Los tres han sido premiados por la reconocida empresa por elaborar el desarrollo teórico de una cápsula entérica para la administración de moléculas grandes. Esta cápsula, al llegar al intestino, se disgregaría y liberaría un gel que contendría un fármaco determinado.

El objetivo de la idea, explica Maria Cholvi, es «poder administrar moléculas muy grandes que antes, por razones de tamaño, no podían encapsularse y, por tanto, no se podían administrar por vía oral».

Maria Cholvi es estudiante de Farmacia en la Universitat de València. Ella e Irene Santos han estudiado parte de la carrera juntas y, a Lluís Pascual, que se dedica a la tecnología farmacéutica, lo conocieron en la asociación de estudiantes. Después de muchos años, decidieron formar un equipo y trabajar juntos en este concurso, saliendo vencedores con su proyecto «SituGel», entre los más de 40 que se presentaron a la competición procedentes de diez países diferentes del mundo. La gala de premios tuvo lugar en la sede principal de la empresa, situada en Roma, y el conjunto ganador se llevó una recompensa en metálico de 5.000 euros.

Durante un par de meses se unió al proyecto Ana Melero Zaera, profesora del Departamento de Farmacia, Tecnología Farmacéutica y Parasitología de la UV, que les proporcionó la bibliografía necesaria y les ayudó a entender los conceptos básicos que necesitaban para llevar a cabo el desarrollo teórico.

«La intención es seguir trabajando los tres juntos. Compartimos pasión y nos hemos entendido muy bien», afirma Maria.

Grandes beneficios

«Nosotros hemos hecho una aproximación teórica, pero para hacerla realidad hace falta una inversión muy elevada. Se tienen que hacer muchos ensayos in vitro, clínicos... y eso requiere de financiación», comenta la estudiante de Farmacia.

Al ser preguntada sobre la magnitud de la idea desarrollada, la alginetina no duda: «Para mí, si se materializa la idea, es comparable a cuando Bayer inventó la aspirina», concluye Maria.

Esta afirmación viene secundada por el catálogo de beneficios y aplicaciones que tendría la teoría desarrollada por el joven grupo.

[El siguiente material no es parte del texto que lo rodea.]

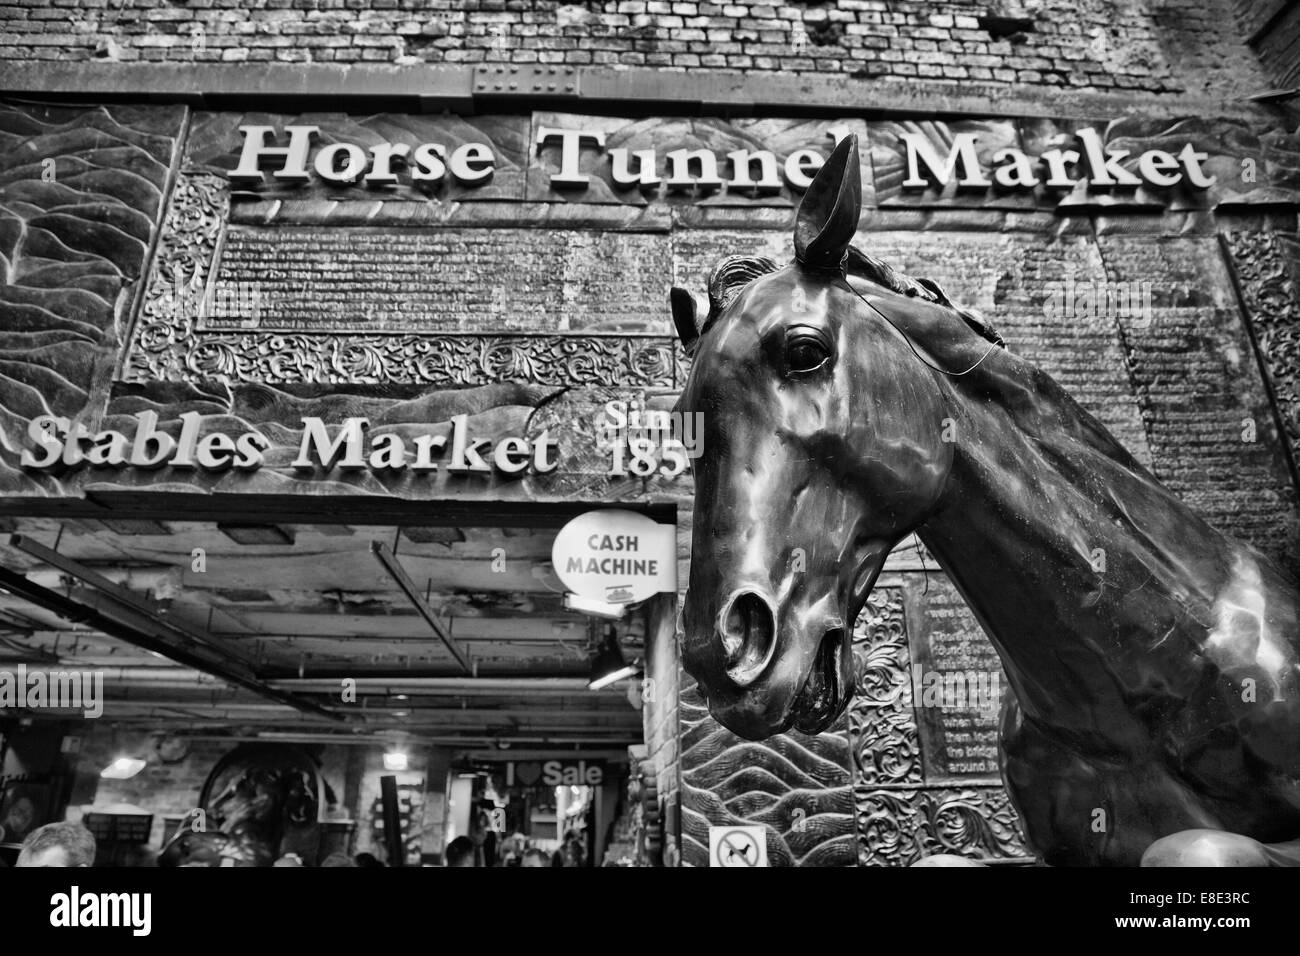 The Horse tunnel in Camden market Stock Photo

Al permitir encapsular moléculas más grandes, fármacos que anteriormente solo se podían administrar por vía intravenosa se podrían aplicar oralmente.

Con este cambio, se reducirían los costes de producción, la demanda de personal especializado y los pacientes no deberían desplazarse a los centros de salud para que les administrasen los medicamentos porque lo tendrían al alcance de la mano en su propia casa.

«Imagínate que los enfermos de insulina no tuvieran que utilizar las agujas para curarse. Además del alivio de dolor que supone, no es lo mismo seguir un tratamiento desde el hospital que desde tu casa. El entorno es muy diferente», expone Maria.

Por otra parte, al desarrollarse cápsulas capaces de administrar moléculas grandes, el número de pautas que necesitaría el paciente se reduciría considerablemente. «Por ejemplo, en vez de consumir un medicamento cada ocho horas, se podría hacer cada doce o incluso cada 24 horas», explica la alginetina. Este hecho ayudaría a mejorar la adherencia terapéutica, es decir, el grado de seguimiento del tratamiento por parte del paciente.